The semiconductor substrate 13 is made of single crystal silicon or polycrystalline silicon having a thickness of about 0.3 mm. This semiconductor substrate 1 contains about 1 × 10 ¹⁶ to 10 ¹⁸ atoms · cm ⁻³ of one conductivity type semiconductor impurity such as boron (B) and has a specific resistance of about 1 to 5 Ω · cm.

By placing this semiconductor substrate 13 in a diffusion furnace and heating it using phosphorus oxychloride (POCl3) or the like, phosphorus atoms are introduced into the surface portion of the semiconductor substrate 13 at about 1 × 10 ¹⁶ to 10 ¹⁸ atoms · cm ^−3. Diffusion is performed to form a diffusion layer 2 having a thickness of about 0.3 to 0.4 μm.

Next, the antireflection film 3 is formed on the surface side of the semiconductor substrate 13. The antireflection film 3 is made of, for example, a silicon nitride film (SiN _x ) or the like, and has a thickness of 500 to 1000 nm and a refractive index of 1 by a plasma CVD method using a mixed gas of silane (SiH ₄ ) and ammonia (NH ₃ ). .90 to 2.30 or so. The antireflection film 3 is provided to prevent light from being reflected from the surface of the semiconductor substrate 13 and to effectively take light into the semiconductor substrate 13.

  Next, a BSF layer 4 is formed on the back surface by applying and baking an aluminum paste, and the aluminum remaining on the surface is removed. Thereafter, a silver paste is applied to the front and back surfaces of the semiconductor substrate 13 by a screen printing method or the like and baked at 600 to 800 ° C. for about 1 to 30 minutes, whereby the front electrode 5 and the back electrode 6 including the finger electrode 9 and the bus bar electrode 8 are formed. Form.
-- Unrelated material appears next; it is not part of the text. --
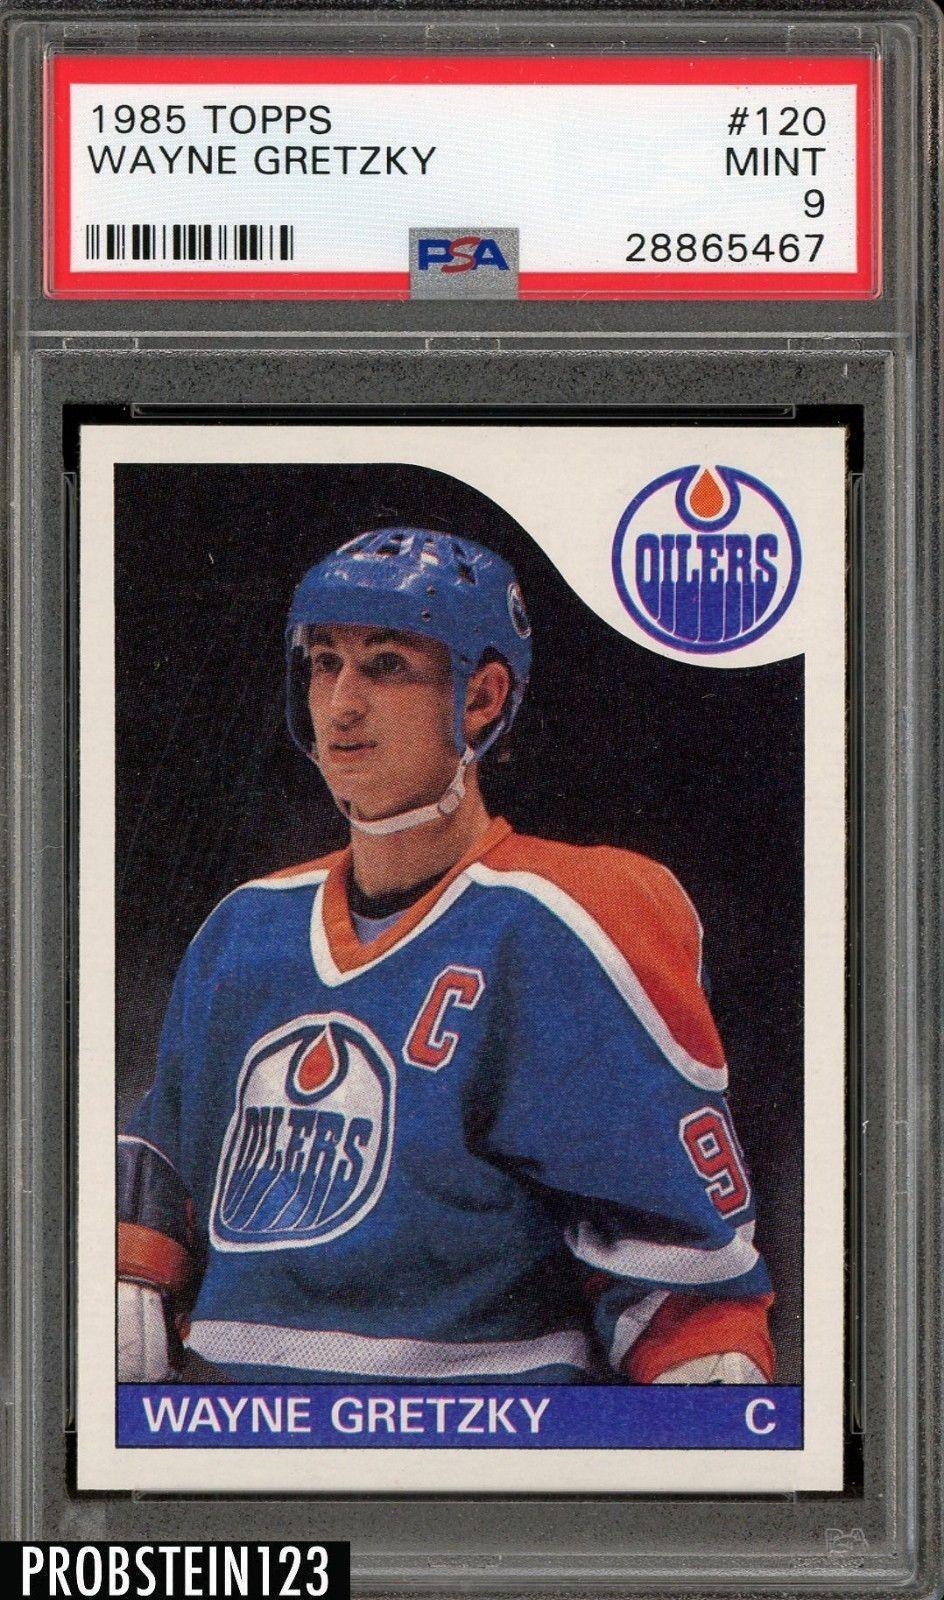 1985 Topps Hockey 120 Wayne Gretzky Oilers Hof Psa 9 Mit Hockeycards Hockeycards Wayne Gretzky Hockey Cards Oilers

  The structure of the back surface of the solar cell element 1 may be configured by an output extraction electrode (bus bar electrode) made of silver and a current collecting electrode made of aluminum in addition to the structure shown in FIG. In this structure, the BSF layer can be formed simultaneously with the formation of the collecting electrode.
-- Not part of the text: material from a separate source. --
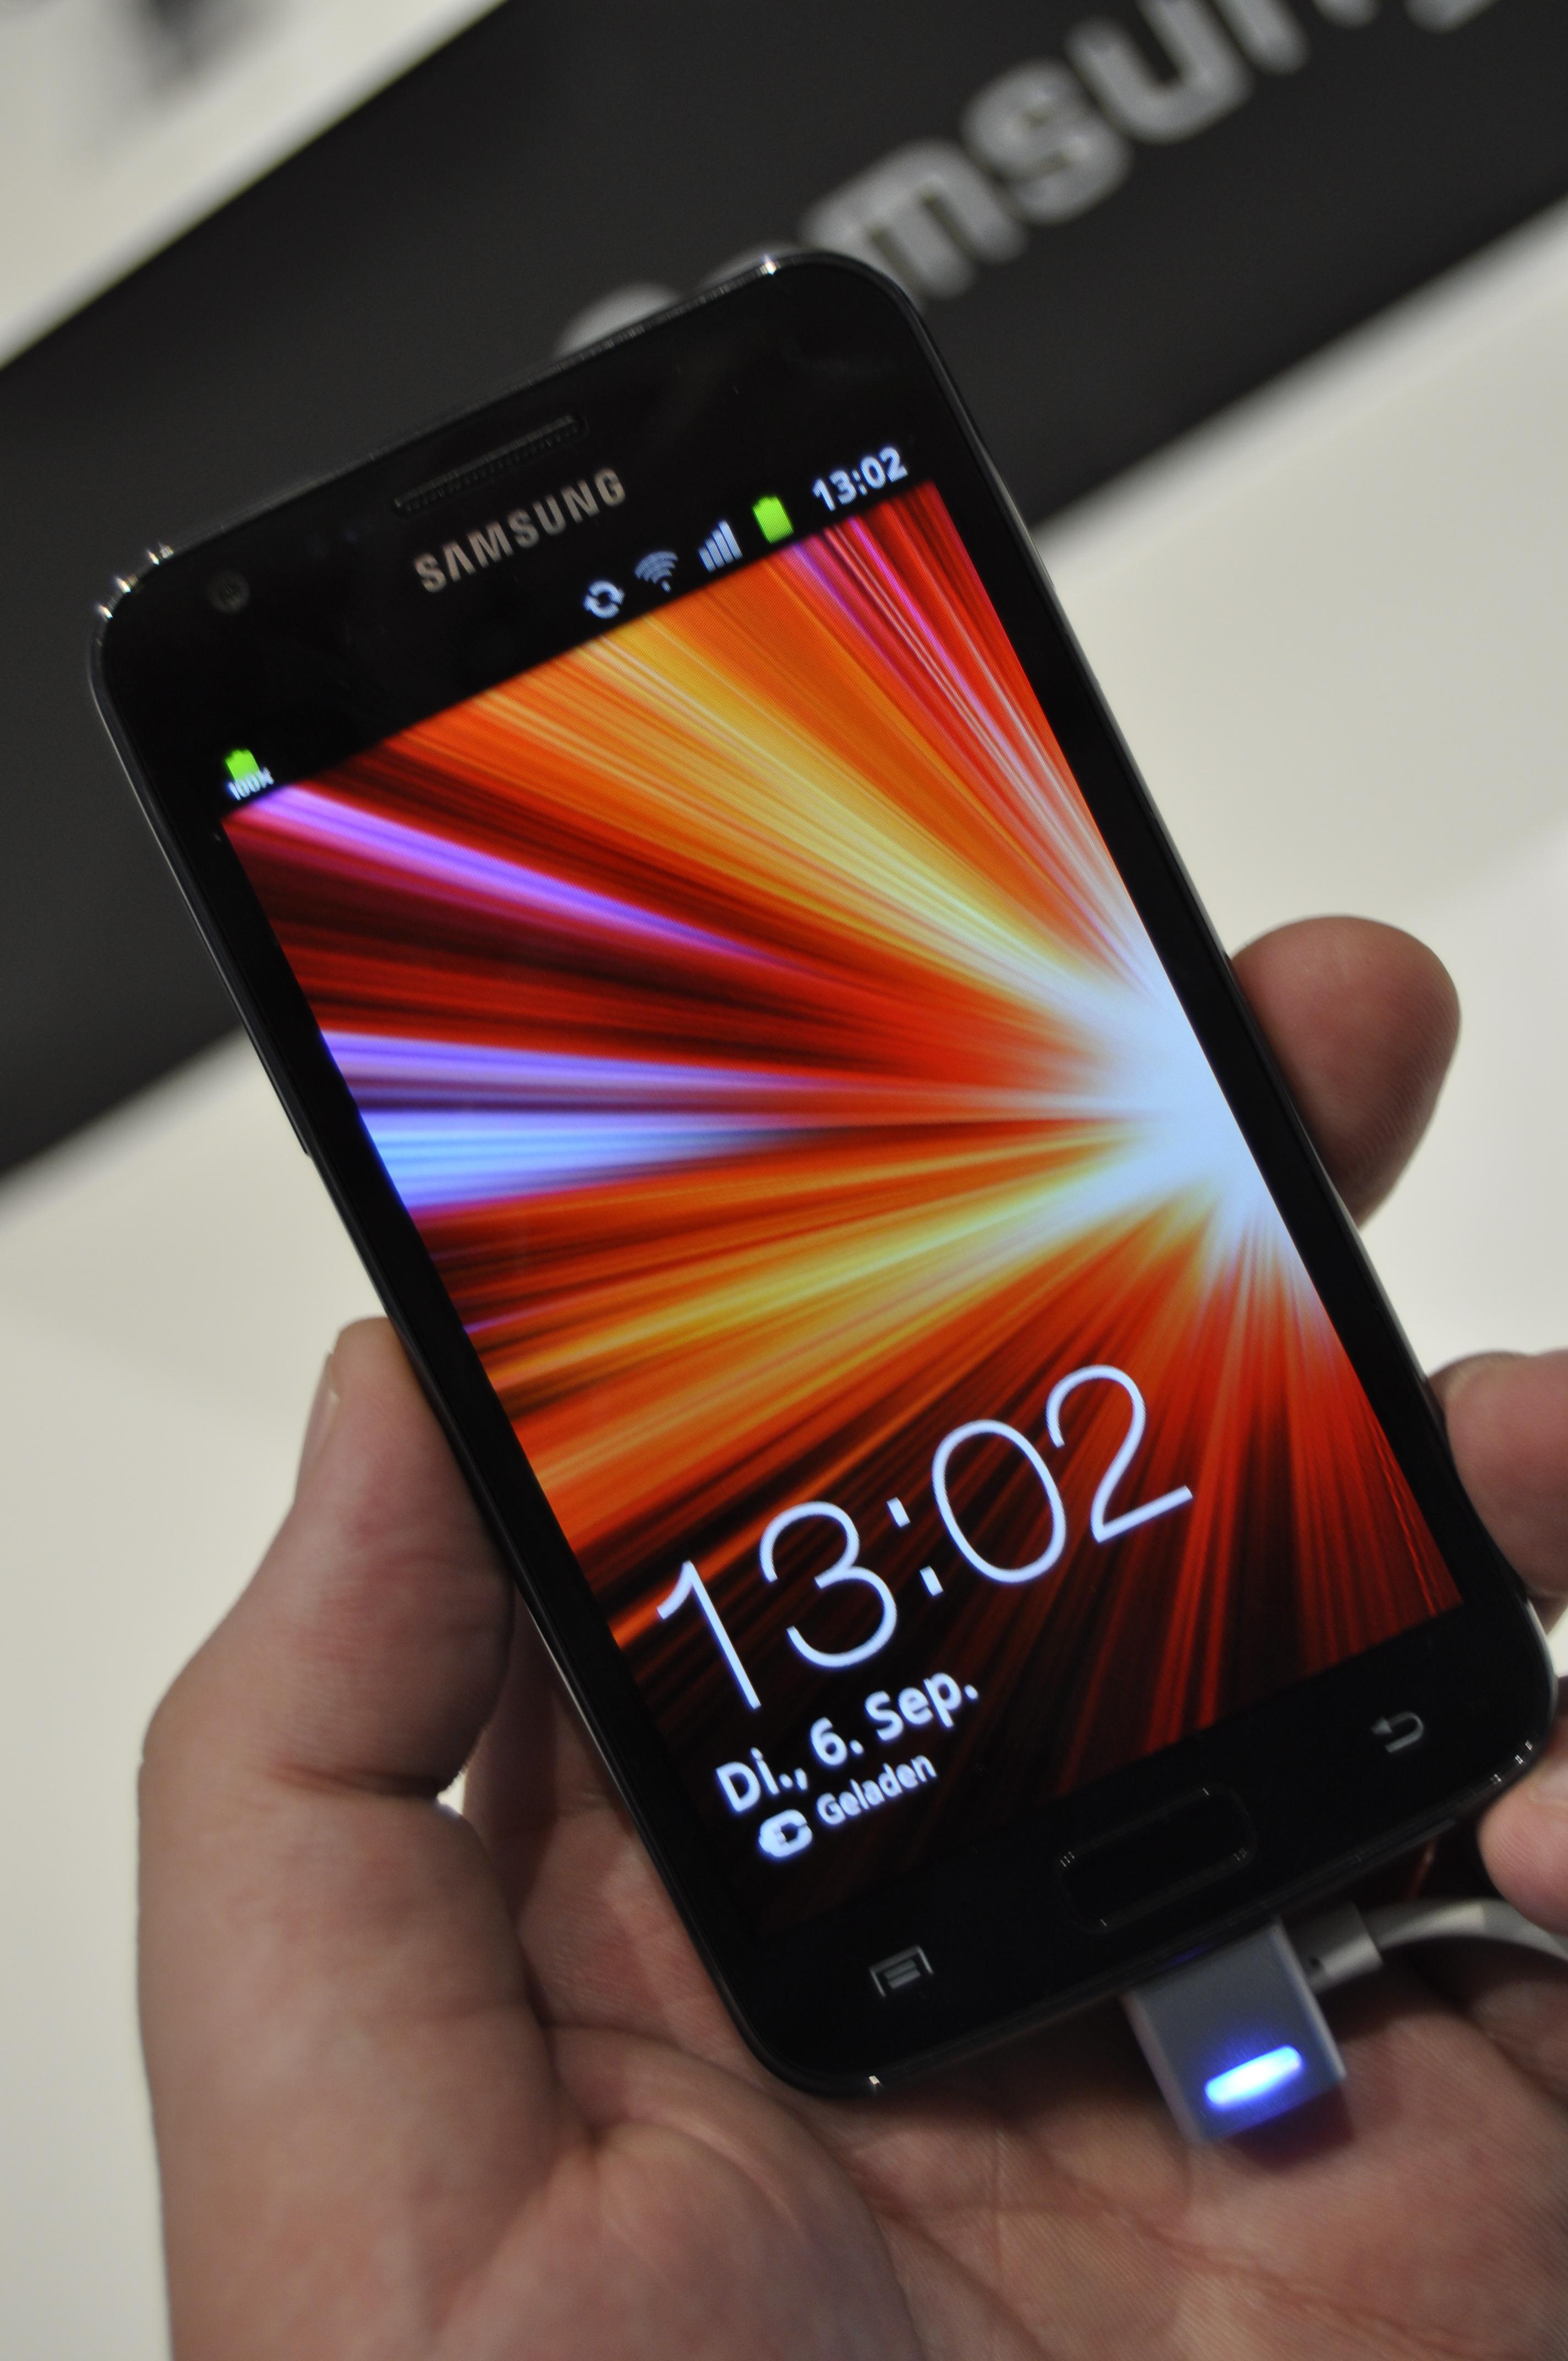 Galaxy S II LTE har større skjerm enn sin navnebror, men den har ikke høyere oppløsning. Bildekvaliteten er likevel fortsatt i toppklasse.

  On the surface of the front electrode 5 and the back electrode 6, in order to increase the area of the electrode and reduce the resistance, and to protect the surface of the electrode and ensure long-term reliability, wiring characteristics when connecting a plurality of elements are further provided. For the purpose of improving, the solder layer 7 is formed. The solder layer 7 is formed by immersing the solar cell element 1 in molten solder.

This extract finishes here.